In the programme notes to the Guildhall production of Journeying Boys, writer and director Iain Burnside reveals that the original idea behind the play came from Nick Sears, the Royal College of Music’s Head of Vocal Studies. It’s hard to know whether that disclosure was a giving of credit due or a disclaimer.
What Sears suggested was that the theatre piece, commissioned by the RCM, explore Benjamin Britten’s setting of parts of Rimbaud’s Les Illuminations through the theatrical device of juxtaposing the lives of Britten and Rimbaud, especially their relationships with Peter Pears and Paul Verlaine, respectively. Interesting idea, very Tom Stoppardesque. Which is to say it collides the roles that individuals play in the weaving of art and politics into a provocative study of historical coincidence.
There are three histories involved in Journeying Boys: that of Rimbaud and his scandalous life with fellow poet Paul Verlaine; the coming-of-age and finding of his sexuality of Britten, which is often identified with Britten’s beautiful setting of Rimbaud’s writings; and a contemporary cohort of young singers in a workshop, whose teacher is urging them to find their own artistic voices through the performance of Britten’s piece.

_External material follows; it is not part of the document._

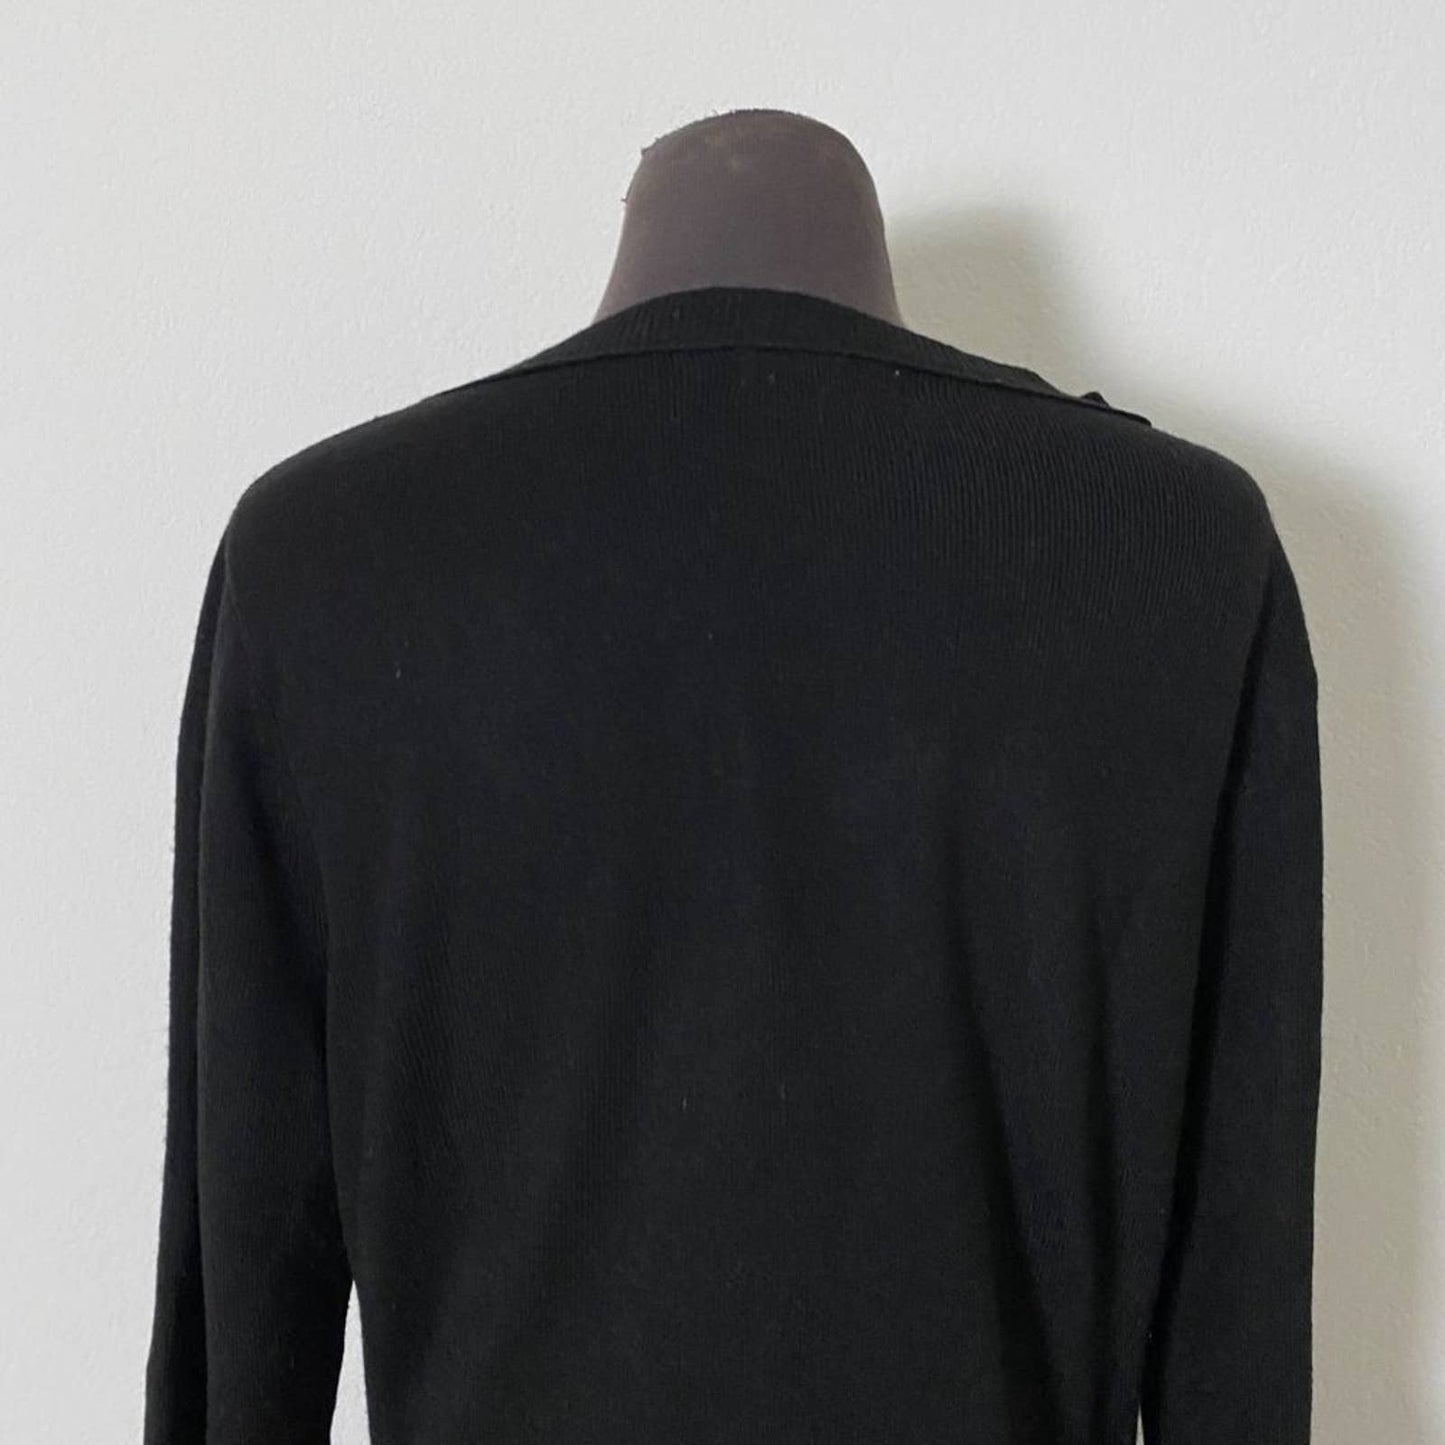 New York & Co sz M 3/4 sleeve scoop neck sweater

These three stories interweave, interrupting and modifying each other in order to provide multiple perspectives and sources of information. The most direct sources of information come from the didactic script for the young singers, who are exhorted by their teacher “to dig deeper” in their understanding of Rimbaud’s visions. Oddly, although the questions presented by the teacher give us the most data – what city is Rimbaud referring to? London! Right! – they somehow also separate us from the lives of both Britten and Rimbaud as artists.
It is clear how the two young artists were different: Rimbaud is portrayed as a reckless, driven bad boy, who will try any sort of drug, drink and sex to accelerate his pursuit of poetry and to enhance his challenge to the French bourgeoisie, and Britten, a rather innocent and repressed young Englishman, who is mentored, and even ridiculed, by the arch and snobbish W.H. Auden, for whom the exalted class system is a savoured way of life. Both boys, and they really were boys, barely out of their teens, are also gay, which doesn’t really seem to pose too many problems for them, even though they lived in societies where such practices were despised and considered criminal. That is addressed in a scene describing an indecency trial against Verlaine, in a sorrowfully forced bit of theatre in which a solicitor stridently defines the terms “penis” and “anus”, interrupting an otherwise beautifully sung version of Vaughan Williams’ gorgeous setting of Verlaine’s poem The sky above the roof.